(EXERCISE OBJECTIVE) Print, exactly as they appear in the listing below, the lines from the line with "American Rag Cie" to the line with "custom poster calendars", with both end lines kept.

(MATERIAL FOR THE TASK)
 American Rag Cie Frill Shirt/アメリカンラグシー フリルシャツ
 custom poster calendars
* * *
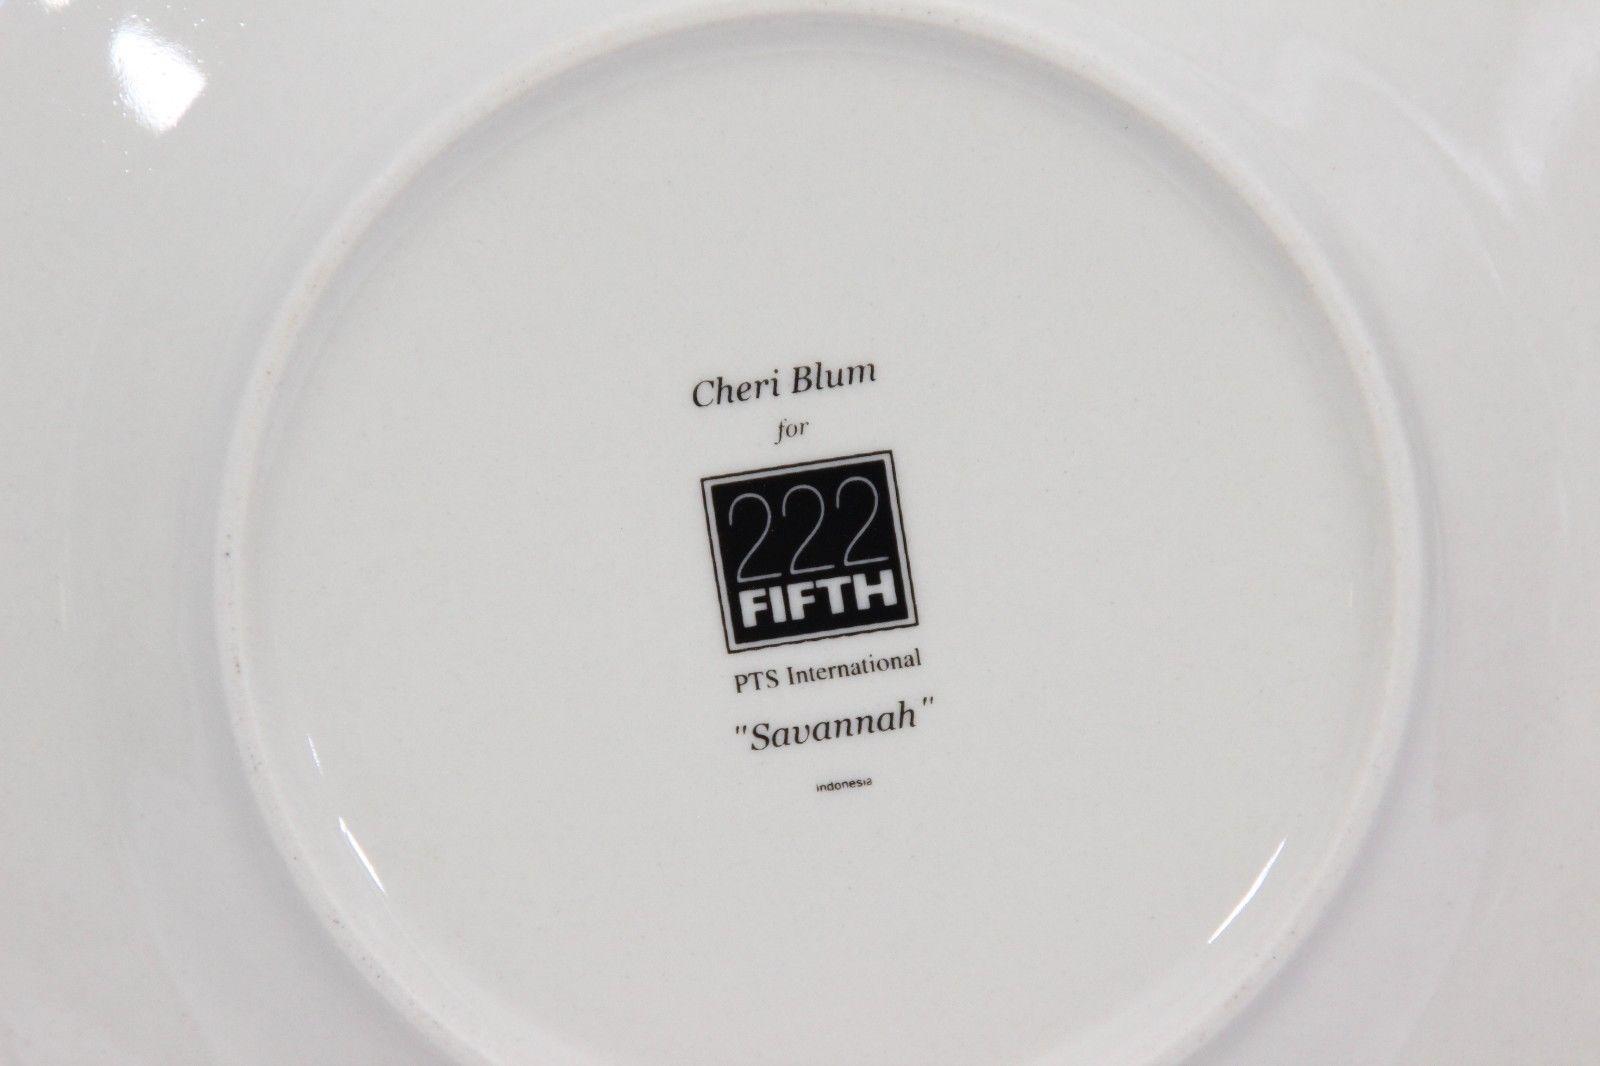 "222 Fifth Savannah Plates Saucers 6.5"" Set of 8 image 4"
---
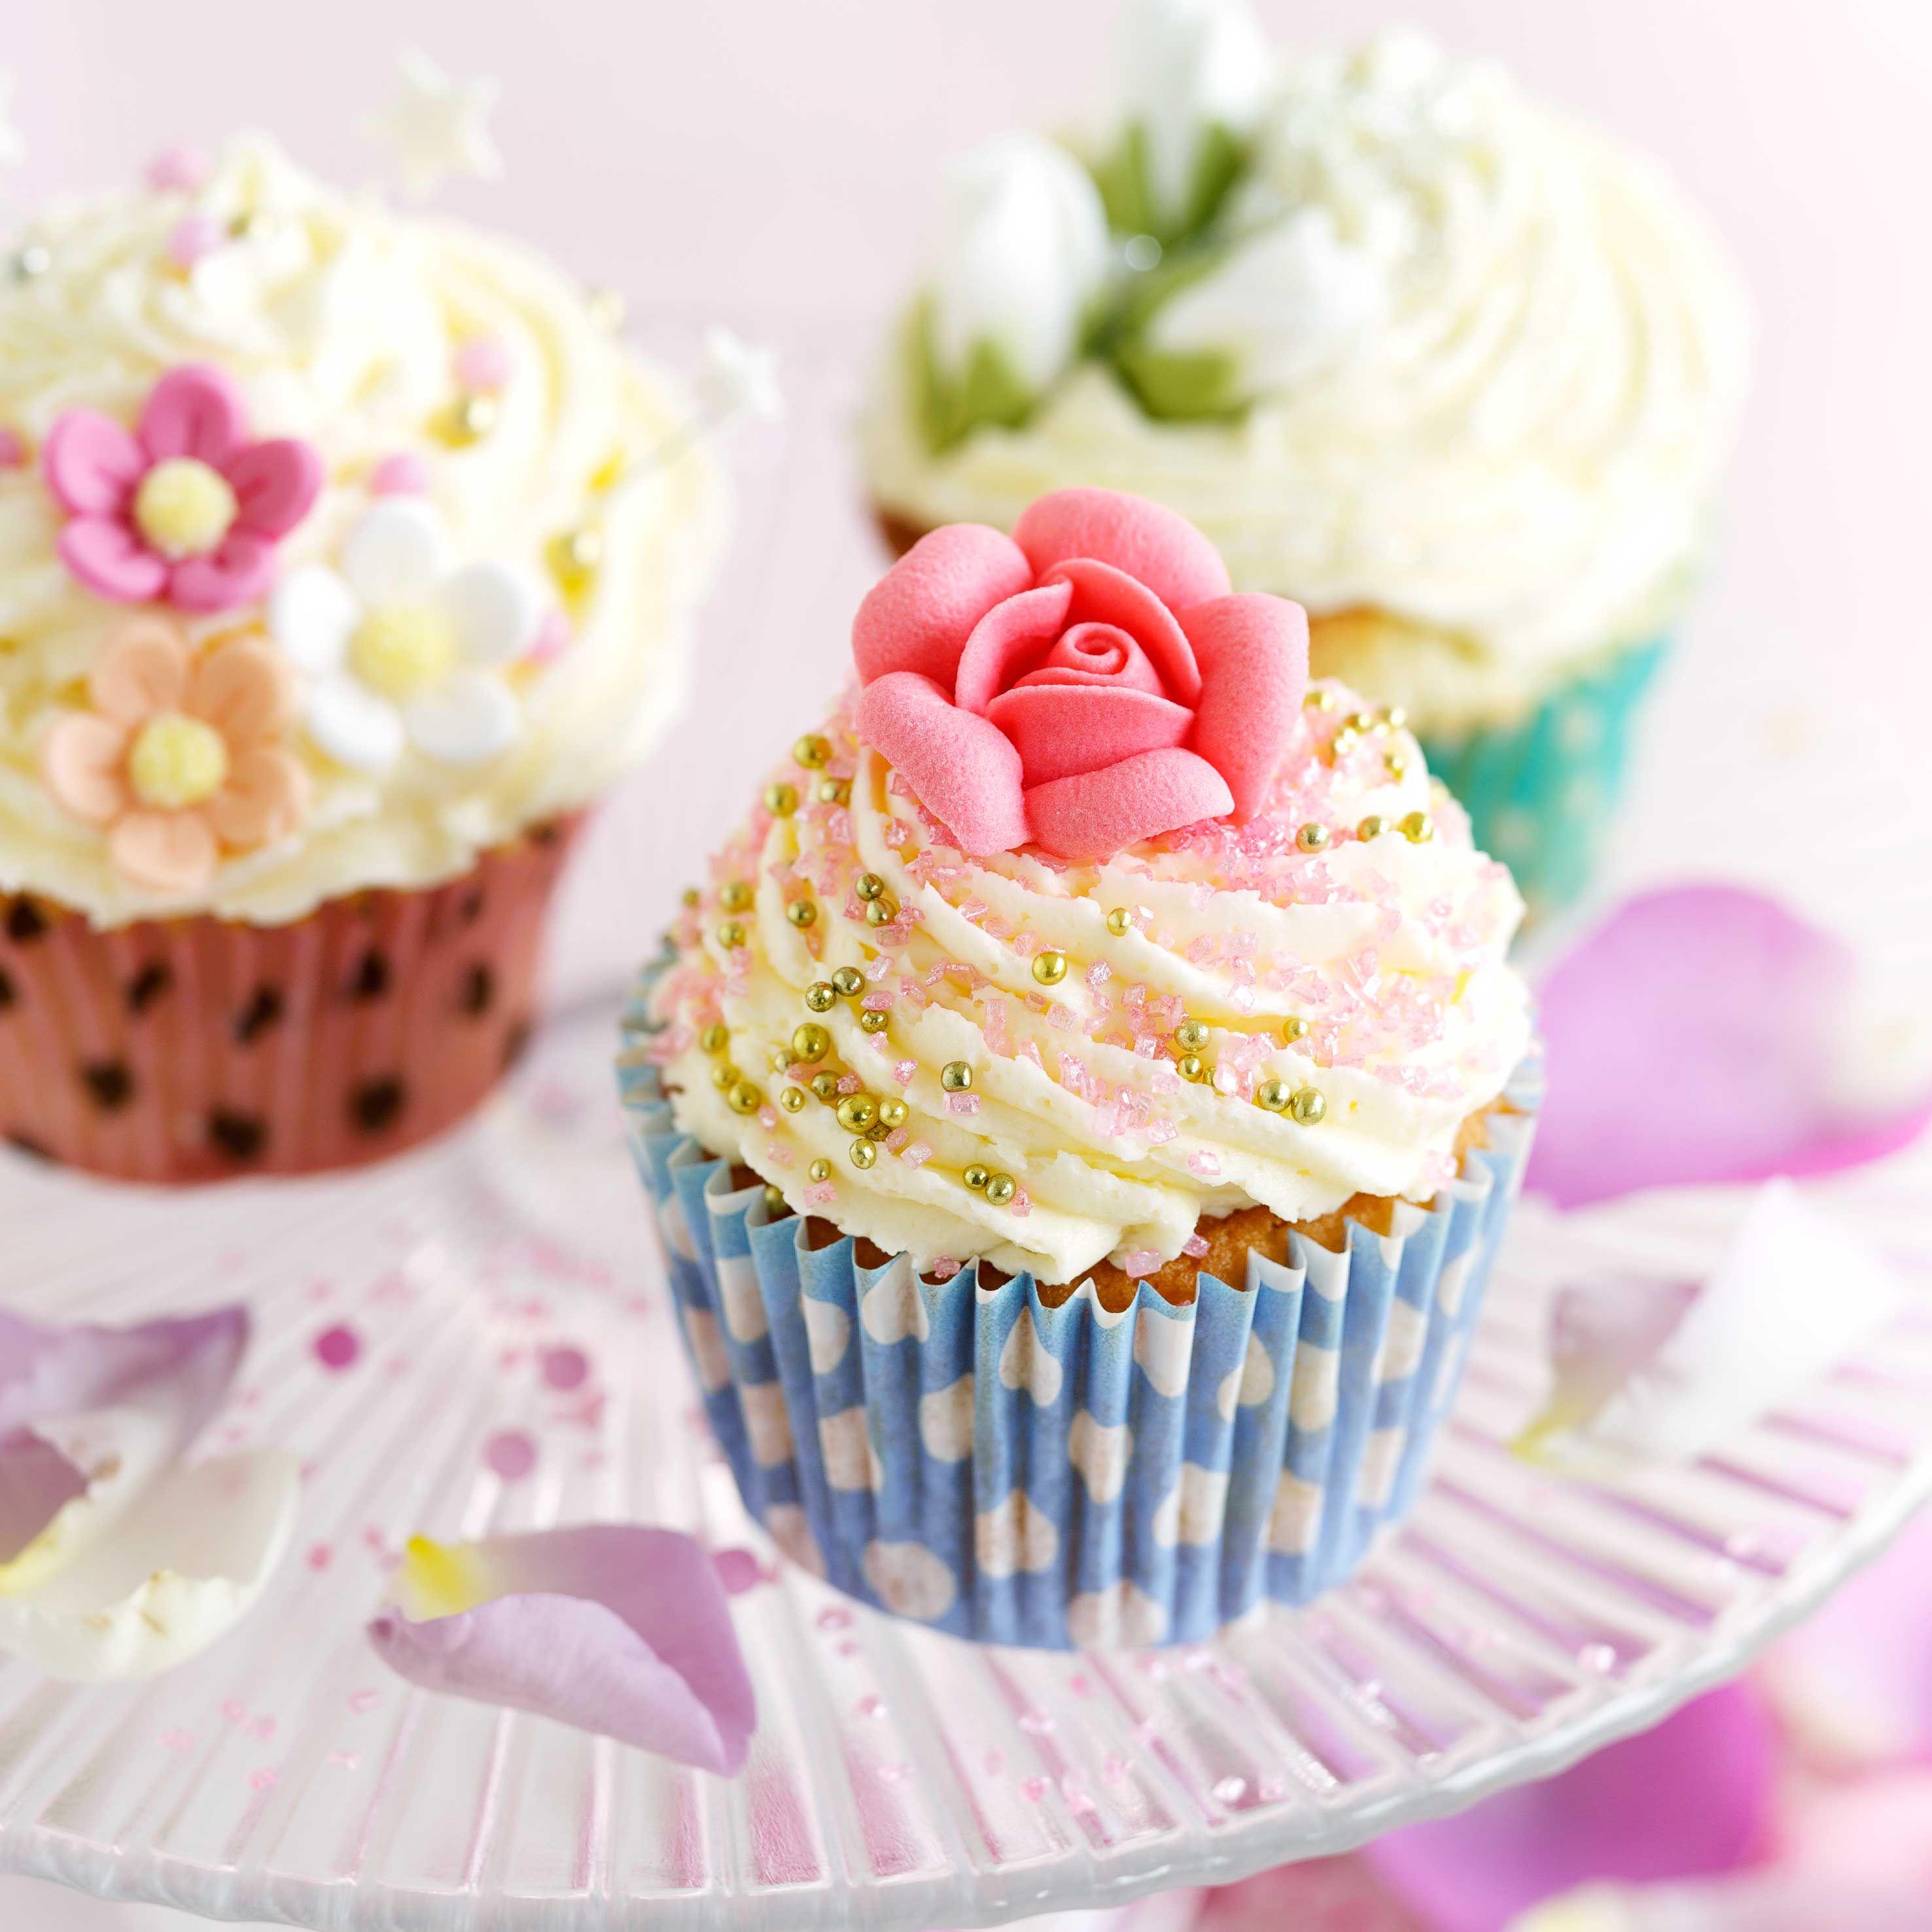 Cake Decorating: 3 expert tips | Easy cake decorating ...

(YOUR RESPONSE)
 American Rag Cie Frill Shirt/アメリカンラグシー フリルシャツ
 custom poster calendars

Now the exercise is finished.